*Extracted data:*
# # # # #
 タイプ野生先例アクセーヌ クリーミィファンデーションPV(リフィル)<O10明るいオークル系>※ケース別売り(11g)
# # # # #
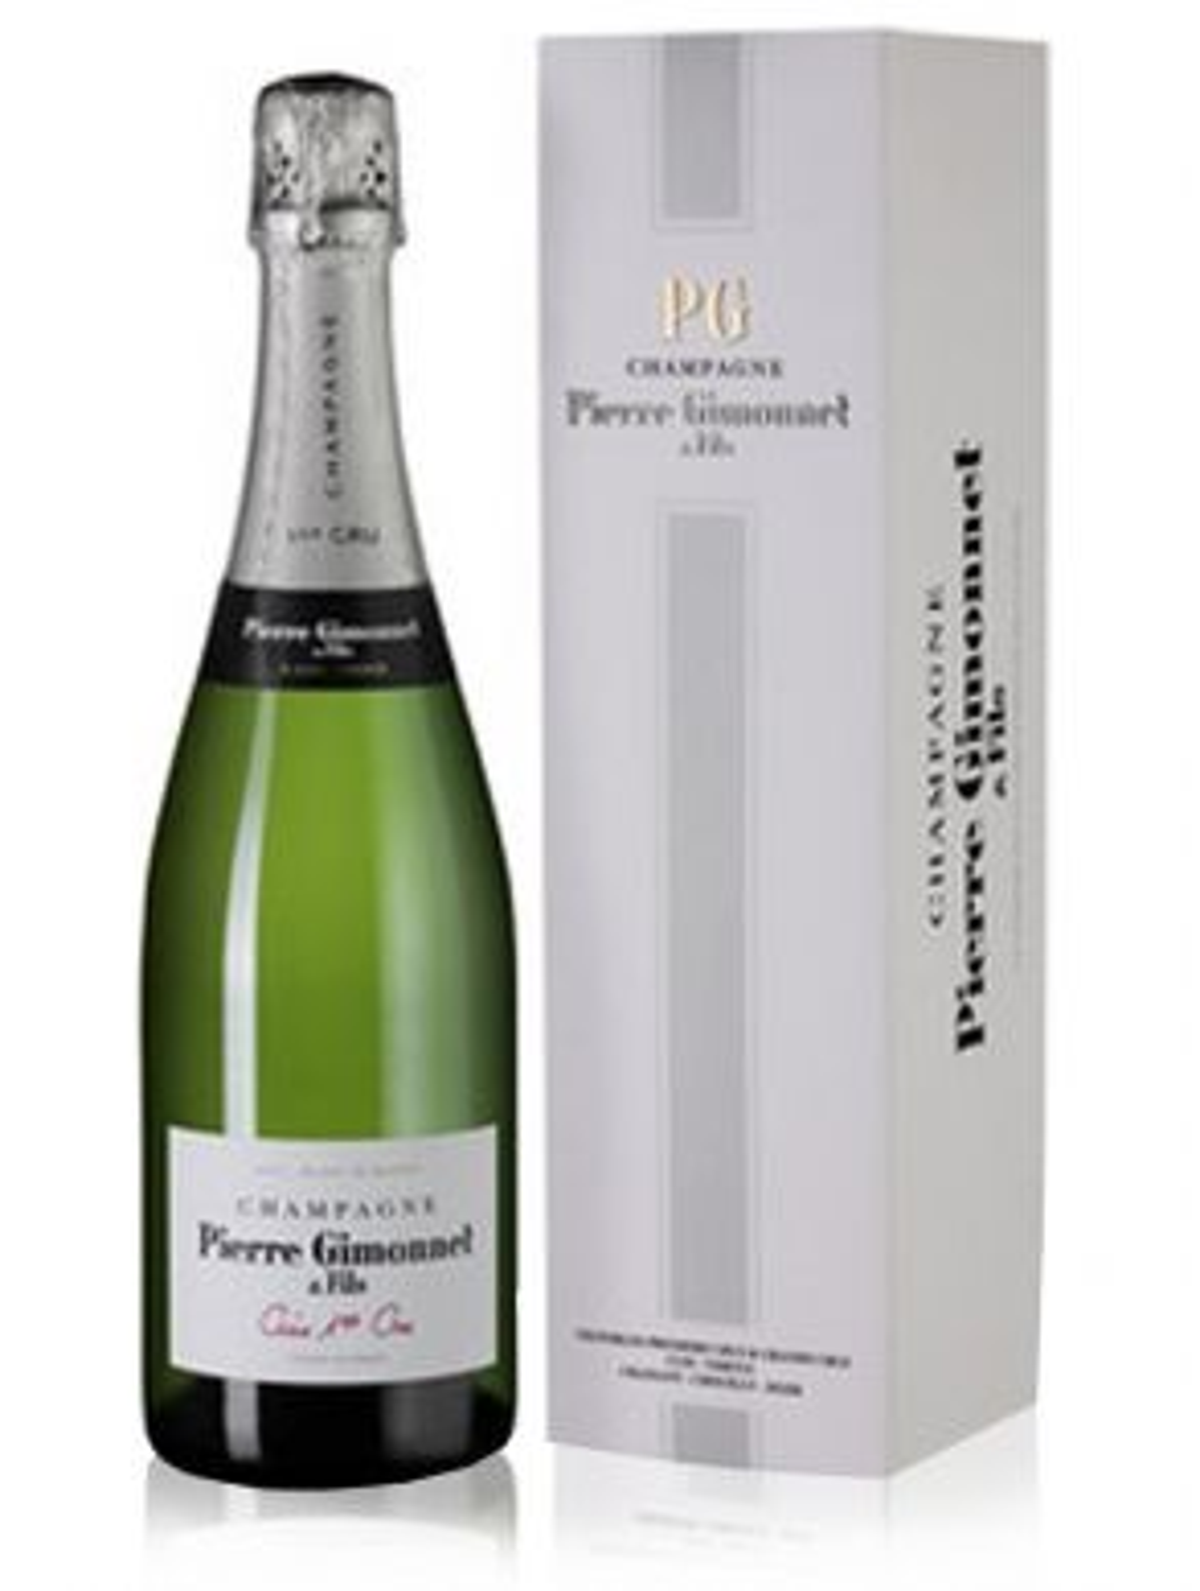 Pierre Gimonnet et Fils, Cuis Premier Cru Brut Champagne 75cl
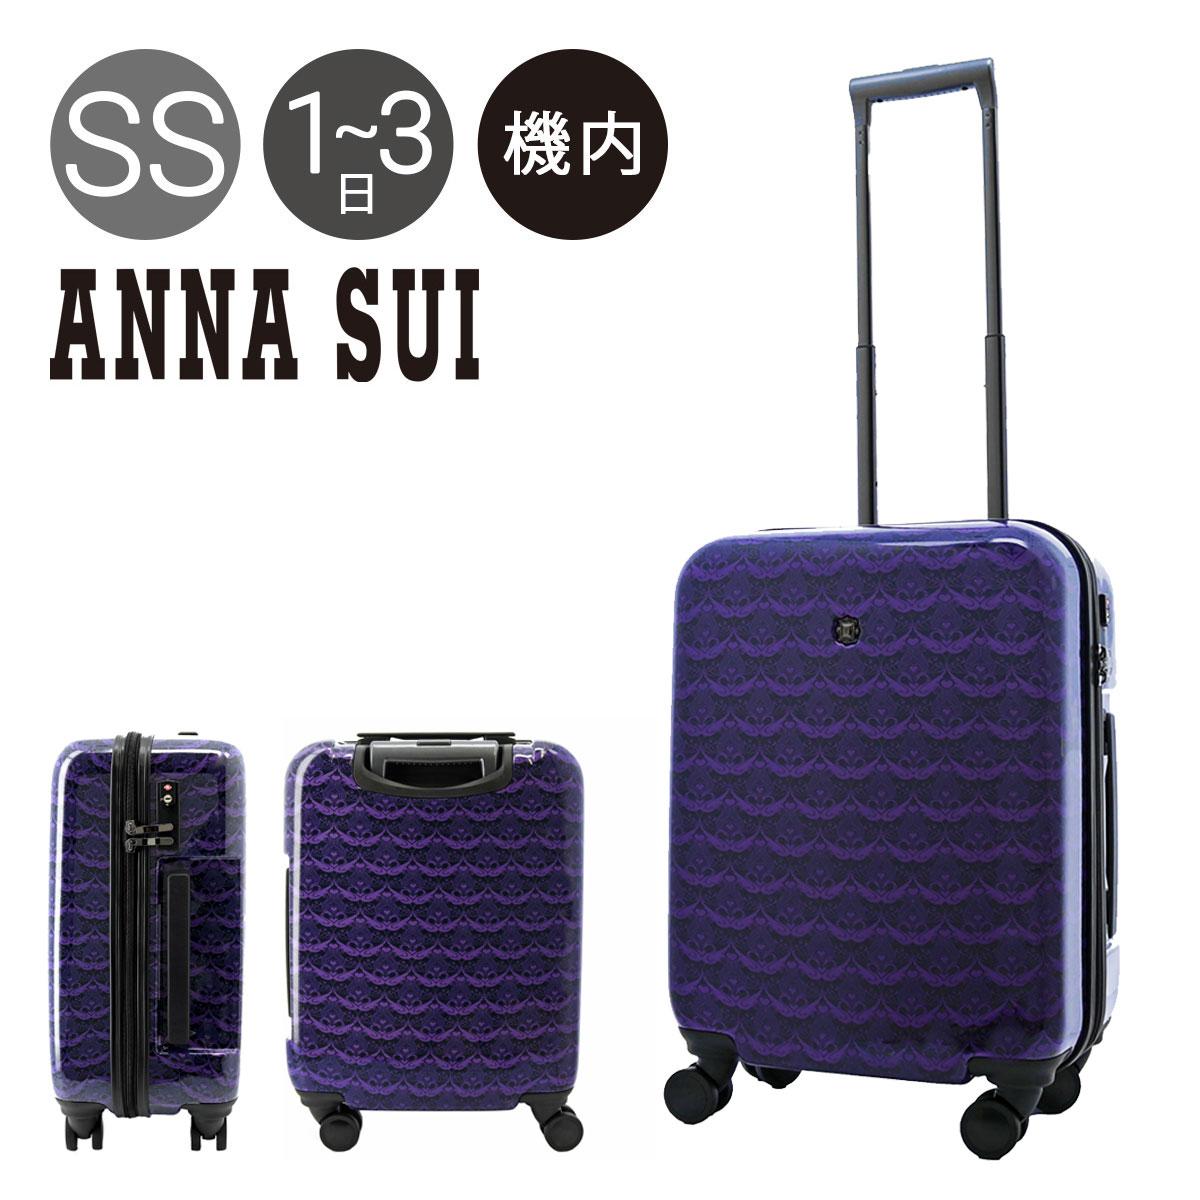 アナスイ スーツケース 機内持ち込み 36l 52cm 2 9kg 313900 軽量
# # # # #
*Task:*
Give back exactly the lines above from the one with "Pierre Gimonnet et" through the one with "アナスイ スーツケース 機内持ち込み 36l 52cm 2 9kg 313900 軽量", both included. Pictures don't belong in the copy.

*Exercise answer:*
 Pierre Gimonnet et Fils, Cuis Premier Cru Brut Champagne 75cl
 アナスイ スーツケース 機内持ち込み 36l 52cm 2 9kg 313900 軽量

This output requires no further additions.